The pension policy changes announced in the chancellor’s Spring Budget this year are driving advisers to adjust their advice.
In a survey conducted by Fidelity Adviser Solutions, 70% of independent financial advisers said the changes will have an impact on the advice they give to clients.
The changes announced include the removal of the lifetime allowance (LTA) charge and an increase in the annual, tapered and money purchase annual allowances (MPAA).
Around 84% of advisers in Fidelity’s survey said the reduction in the capital gains tax allowance (CGT) will have the most significant impact.
This is after changes to the CGT annual exemption came into effect in April 2023, having been halved from £12,300 to £6,000. The annual allowance is set to reduce further to £3,000 in April 2024.
The removal of the LTA charges and increase of the annual pension allowance limit from £40,000 to £60,000 will also influence the advice provide to clients, Fidelity found.

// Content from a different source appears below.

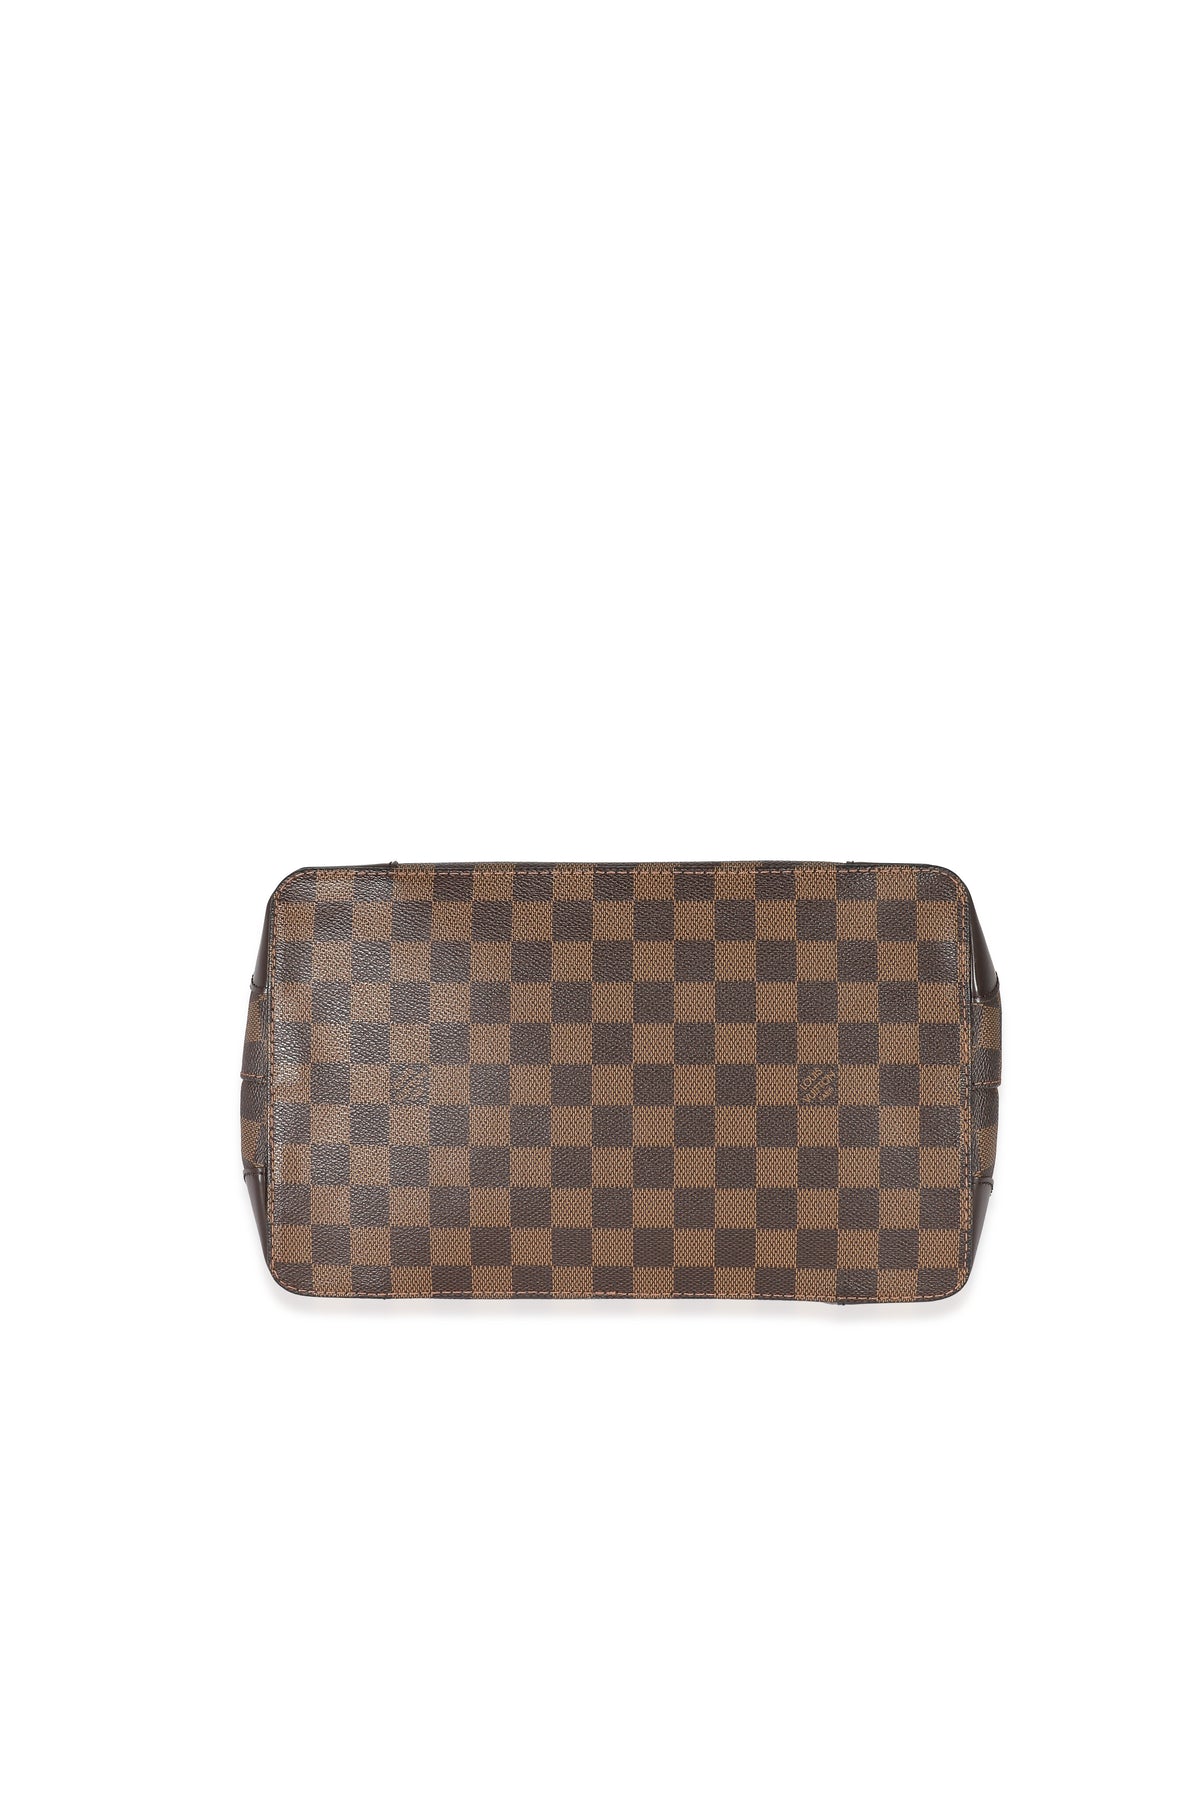 LOUIS VUITTON Hampstead PM Damier Ebene Brown Canvas in United States

Meanwhile, the reduction of the additional-rate income tax threshold from £150,000 to £125,140 is expected to have less of an impact on client advice (54%).
Fidelity Adviser Solutions head Jackie Boylan said the budget included some of the most significant changes to pensions policy seen in recent years, presenting many savers with an opportunity to reassess their retirement plans.
“With so many developments to navigate, advisers have a pivotal role to play in helping them to understand how to maximise their allowances and prepare for the future,” she added.
From April 2023, the total amount that workers can accumulate in their pension savings before paying extra tax increased as the changes announced at the budget came into effect.
The surprise removal of the LTA charge had an immediate impact with clients looking to make the most out of their retirement options.
Around 43% of advisers report clients increasing pension contributions since the spring budget and 58% anticipate clients increasing contributions in the future.
With the date of the Autumn Statement now set for 22 November, Boylan said there may be “further developments to prepare for on the horizon” – all against a challenging economic backdrop and general election next year.
“When it comes to wider pensions and savings policy – with the automatic enrolment extension bill recently receiving royal assent after clearing parliament – pending changes will likely be significant,” she added.
“Questions will continue to be asked about the future of the triple lock and the Pensions Bill – and we expect to know more following the King’s Speech at the state opening of parliament in early November.
“Clients will rely upon advisers to help them navigate through possible changes and keep their own retirement goals in sight.”